## Information supplied
====================

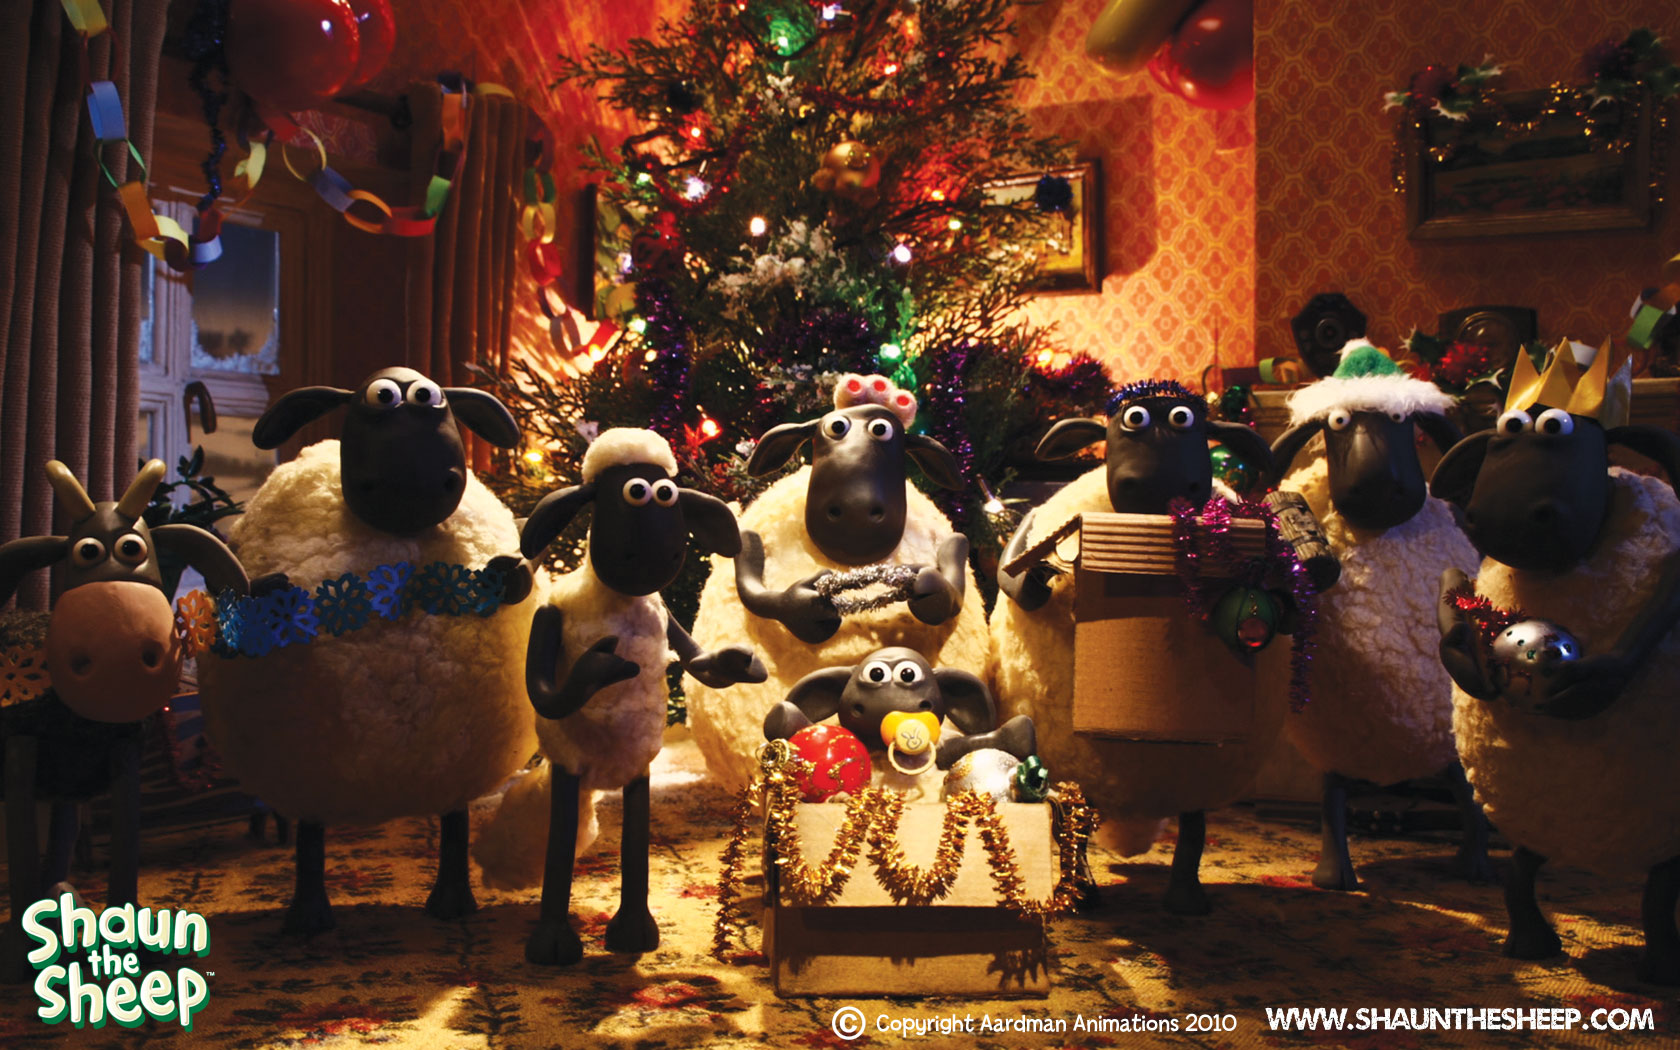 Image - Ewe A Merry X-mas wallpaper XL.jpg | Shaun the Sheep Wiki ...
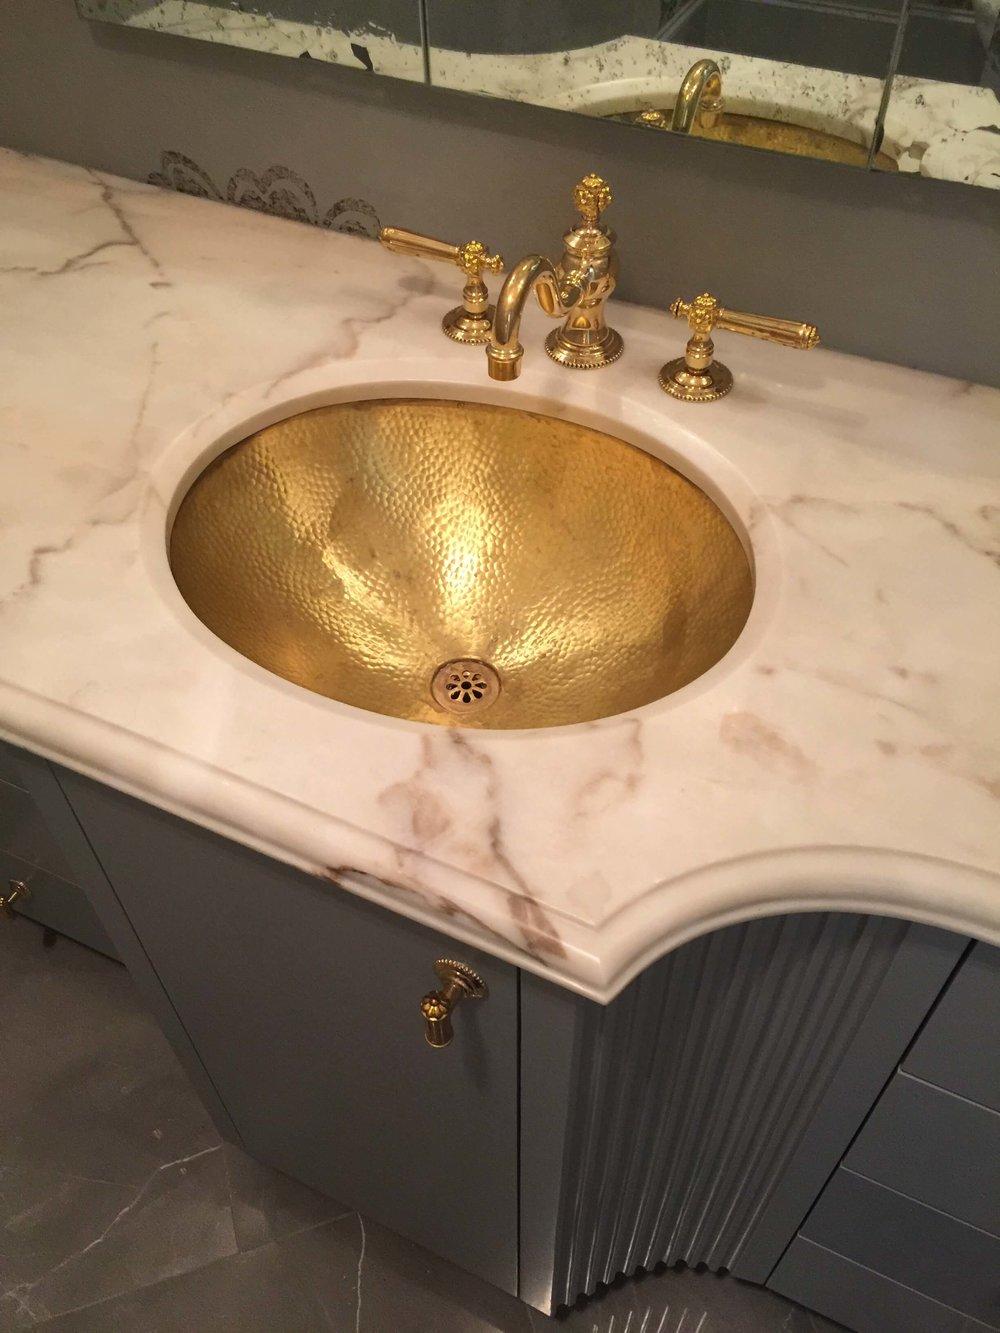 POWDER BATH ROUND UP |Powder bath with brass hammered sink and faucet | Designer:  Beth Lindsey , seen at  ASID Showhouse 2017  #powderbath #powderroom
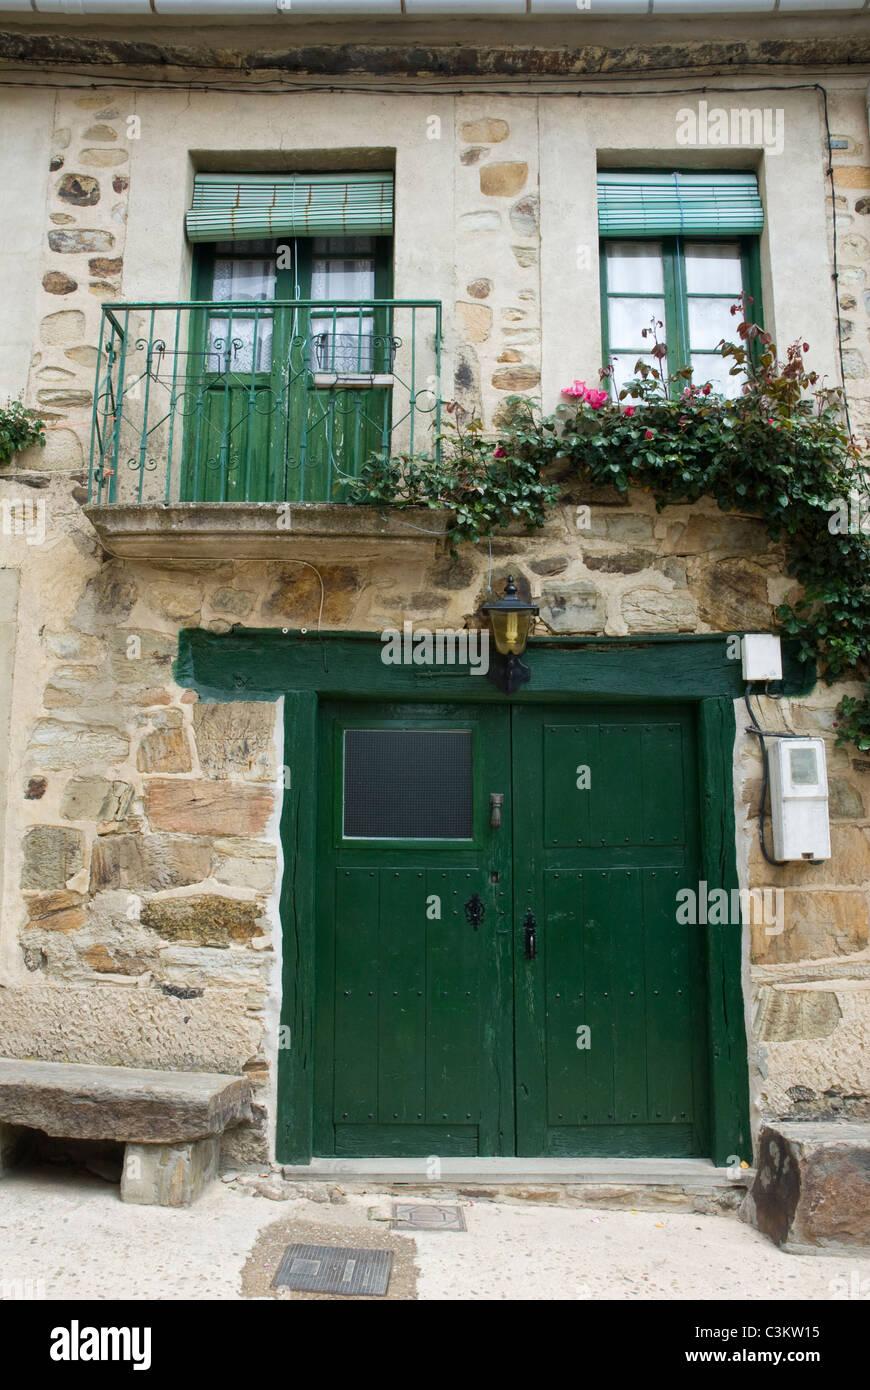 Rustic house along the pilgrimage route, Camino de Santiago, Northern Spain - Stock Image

====================

## Task to complete
Please restate all of the listing above word for word, with no pictures.

## Task response
 Image - Ewe A Merry X-mas wallpaper XL.jpg | Shaun the Sheep Wiki ...
 POWDER BATH ROUND UP |Powder bath with brass hammered sink and faucet | Designer:  Beth Lindsey , seen at  ASID Showhouse 2017  #powderbath #powderroom
 Rustic house along the pilgrimage route, Camino de Santiago, Northern Spain - Stock Image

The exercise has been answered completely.